Praxen runs a suite of named checks that go beyond simple policy enforcement. These cover policy-implementation divergence, credential exposure, configuration gaps, capability drift, supply-chain risk, half-wired controls, empty stub files in security-relevant paths, secondary prompt discovery, and compound signal reasoning that chains individual findings into a higher-severity attack path. Every finding is tagged against multiple frameworks: the OWASP Top 10 for LLM Applications 2025, the OWASP Top 10 for Agentic AI Applications 2026, the OWASP Secure MCP Server Development Guide 2026, and the RAISE Framework, which assigns a maturity score across six categories.

A key architectural decision is the separation of pre-deployment verification from runtime monitoring, which Exabeam calls Agent Behavior Analytics (ABA).

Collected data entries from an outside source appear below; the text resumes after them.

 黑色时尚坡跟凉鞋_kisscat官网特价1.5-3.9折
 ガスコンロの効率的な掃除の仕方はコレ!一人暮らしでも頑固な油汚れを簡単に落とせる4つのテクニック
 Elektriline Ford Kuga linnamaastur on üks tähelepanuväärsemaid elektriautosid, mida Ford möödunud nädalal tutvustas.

Steve Wilson, Chief AI Officer at Exabeam, told Help Net Security that the company intends the Worker Remit to serve both stages. “Our aim is a single policy,” he said. “The remit provides a structured, human-readable definition of an agent’s intended role, permissions, responsibilities, constraints, and approval requirements.” Wilson added that the remit “provides a natural foundation for that analysis because it captures the organization’s explicit expectations for the agent.” Verification answers whether a team built the agent it intended, while analytics answers whether the agent behaves as intended in production. The two capabilities are separate for now, but “over time, we expect them to become increasingly connected as part of a broader Behavior Intelligence strategy for AI agents.”

Because Praxen relies on a coding agent — tested against Claude Code — two runs against the same evidence can produce different findings. Wilson said the major results are “highly stable,” with smaller movements in severity counts or maturity scoring at the margins. Every finding cites the underlying files and artifacts, allowing independent review. Exabeam maintains a frozen regression suite to measure consistency, and recommends that teams “run the analysis multiple times, report the median result and range, and union the material findings across runs.”

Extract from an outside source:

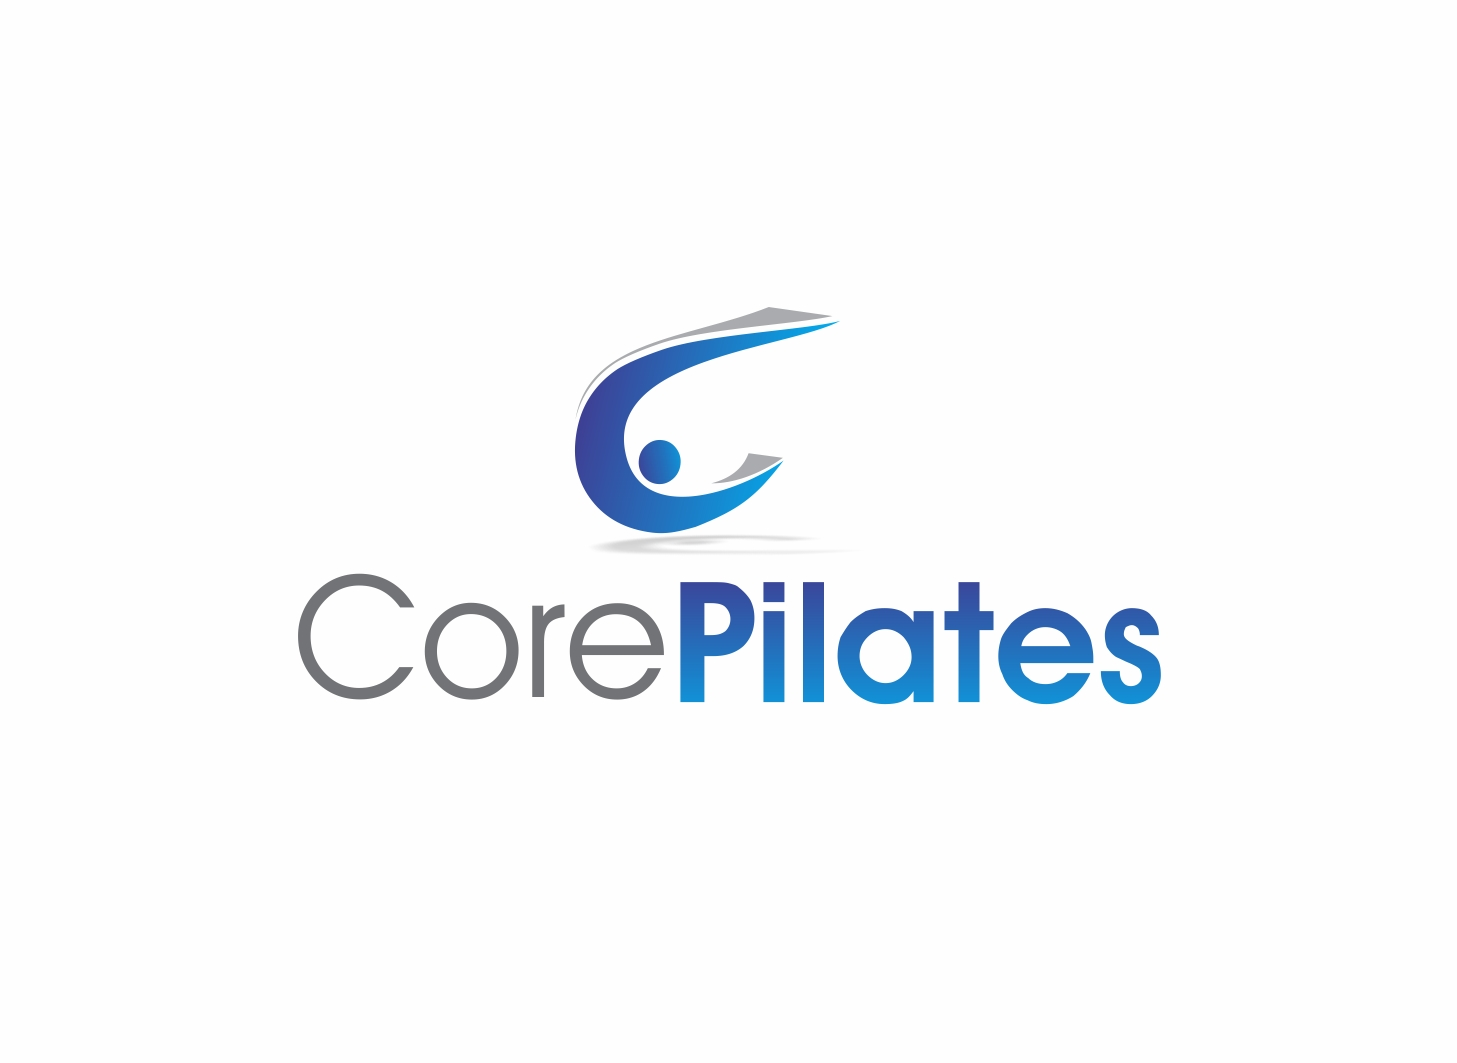 Logo Design by Zdravko Krulj - Entry No. 31 in the Logo Design Contest Core Pilates Logo Design.

Another practical challenge is handling evidence sets that exceed a model’s context window. Praxen begins with a discovery pass across source code, configuration files, dependency manifests, tool and MCP definitions, memory artifacts, and logs, prioritizing the most behaviorally relevant material. Large logs are sampled. Findings are written incrementally, and the analysis state is checkpointed into a structured manifest so that if the AI session exceeds its context window, the report can be reconstructed. Coverage is recorded directly, so sampled evidence carries a marker and missing evidence registers as its own signal. “Context-window limits are a real constraint for every AI-powered analysis platform,” Wilson said. “The goal is to make them visible, measurable, and recoverable so users can trust the results they receive.”

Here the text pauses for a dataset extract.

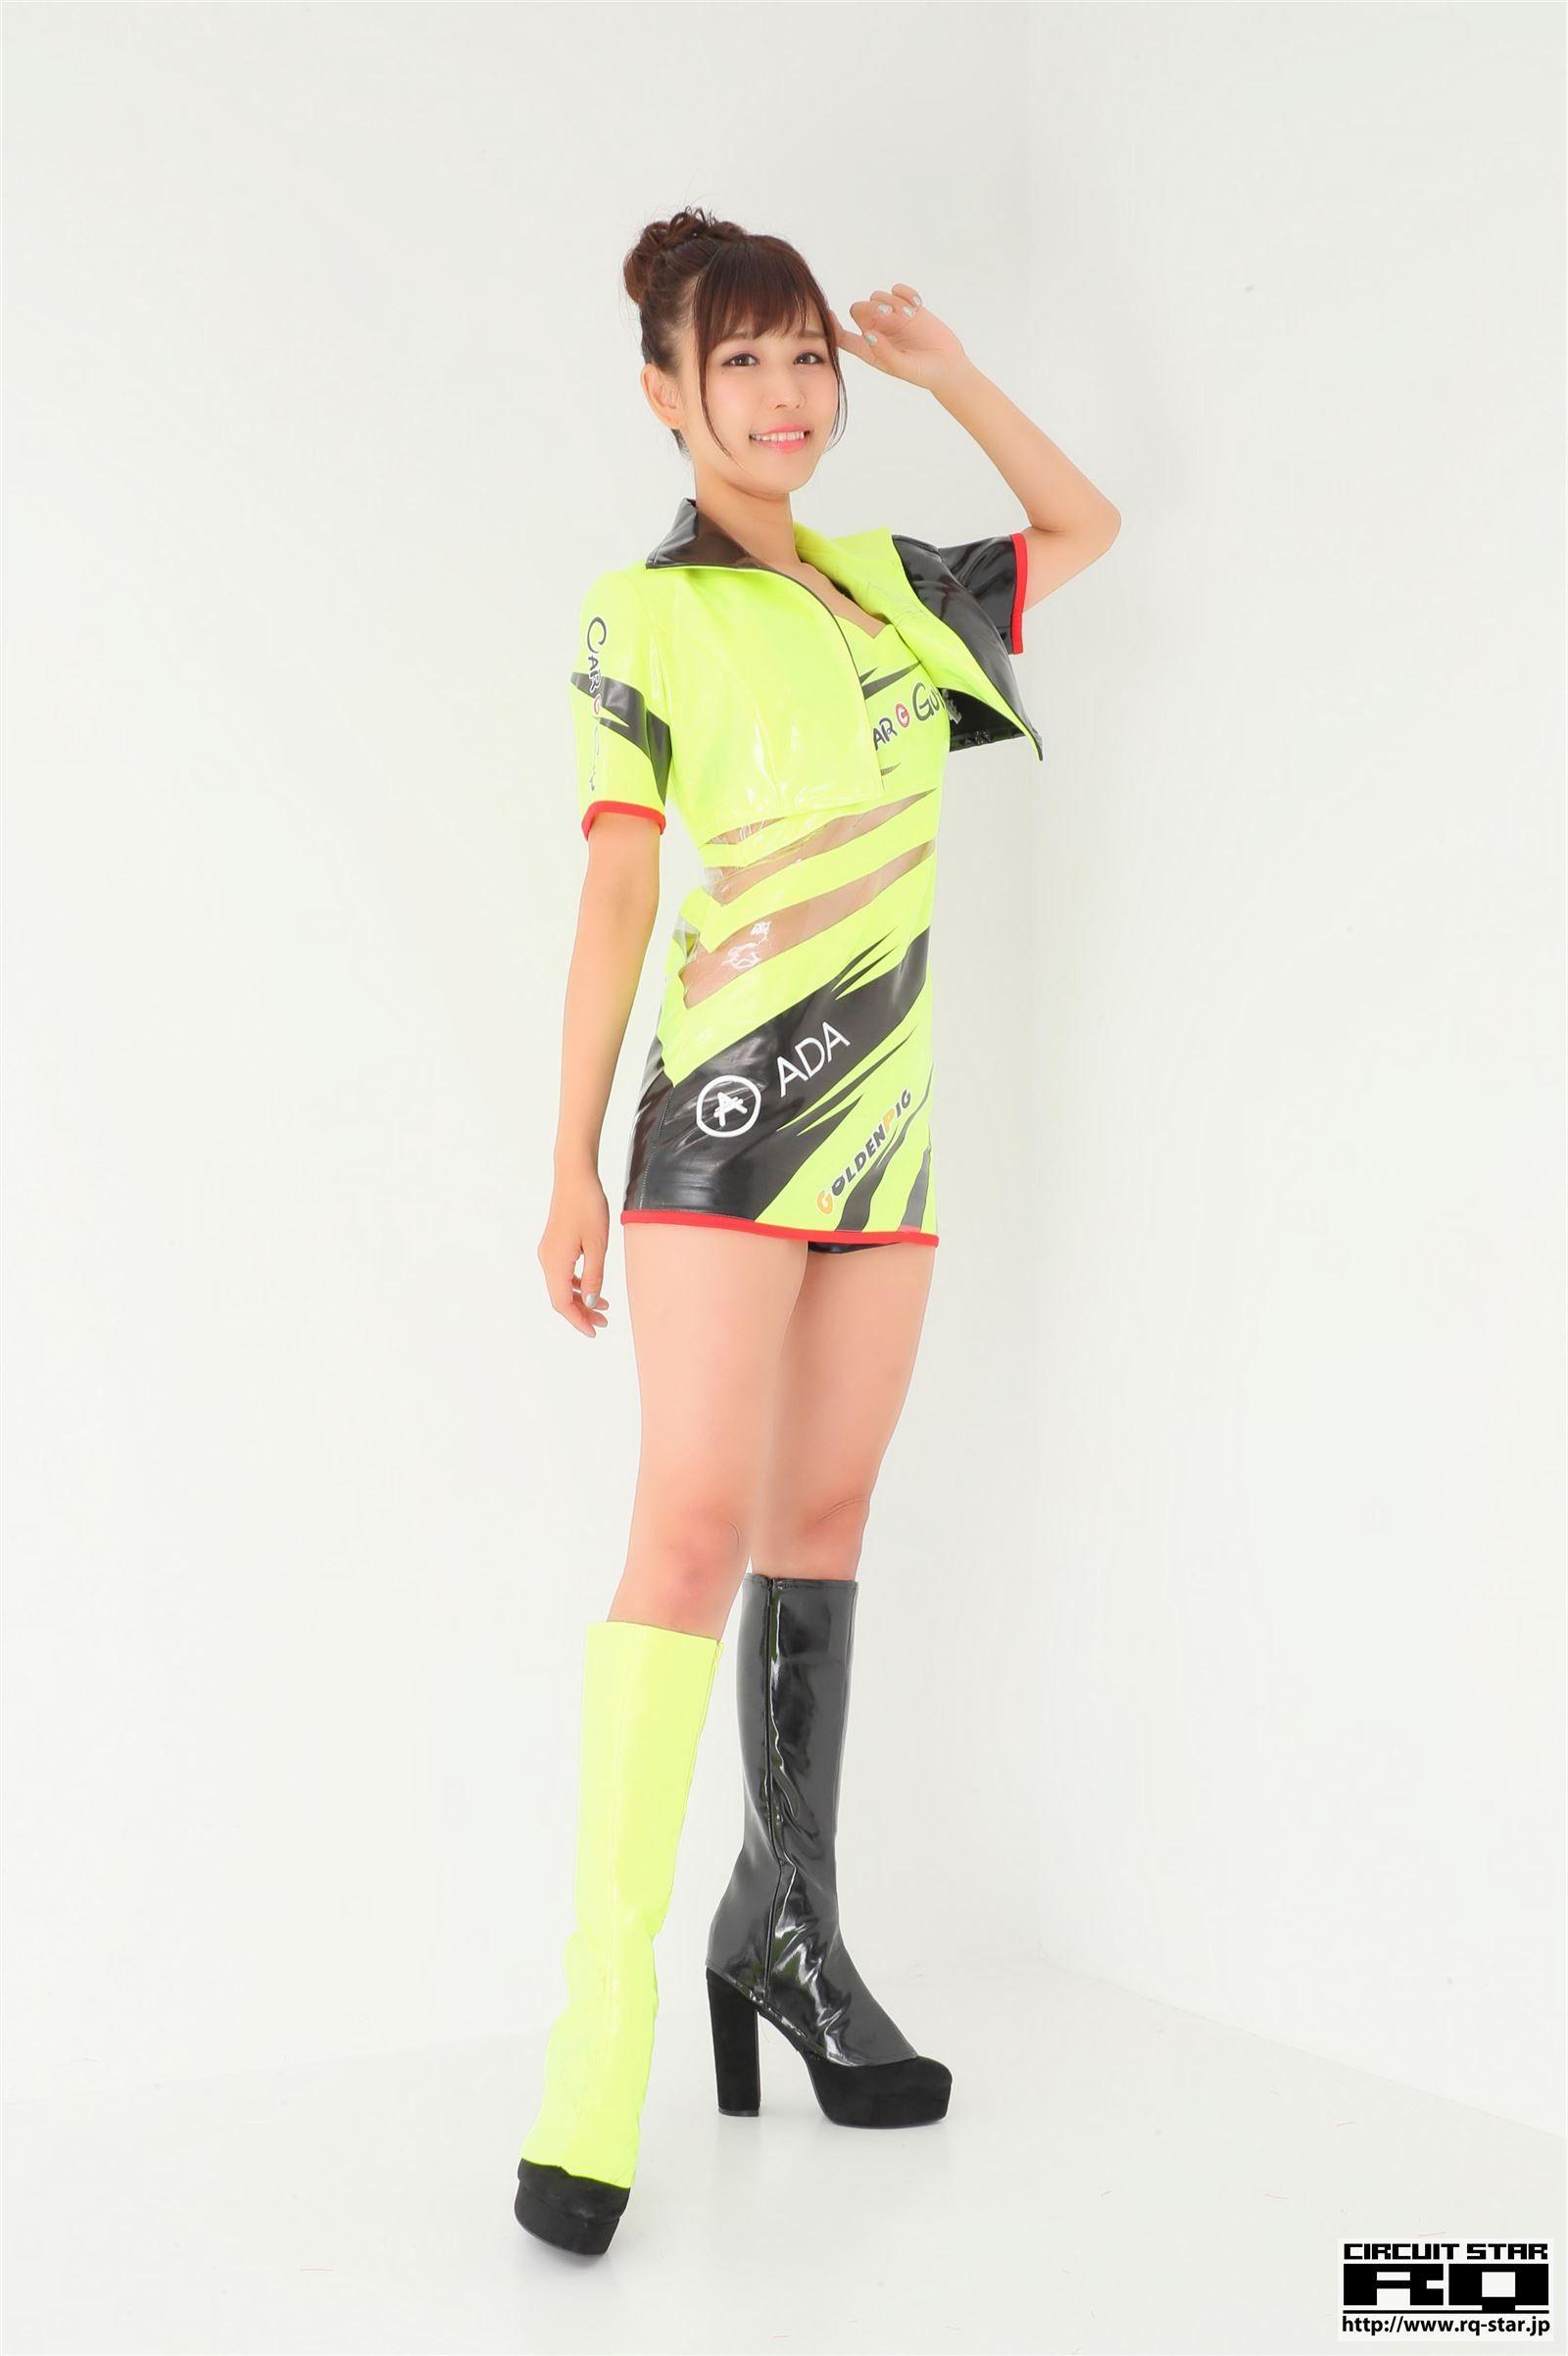 [RQ STAR美女] 2018.08.11 Aya Miyazaki 宮崎彩 Race Queen[70P] RQ STAR 第4张

Praxen is available for free on GitHub and runs before deployment and on each release. It requires Python 3.9 or later and a coding agent. The tool represents a maturing approach to AI agent security, moving from ad hoc scanning toward systematic, policy-driven verification that mirrors how enterprises manage human access and permissions. As AI agents proliferate across industries, tools like Praxen provide a much-needed layer of accountability, helping organizations answer the basic question: is my agent doing what I told it to do?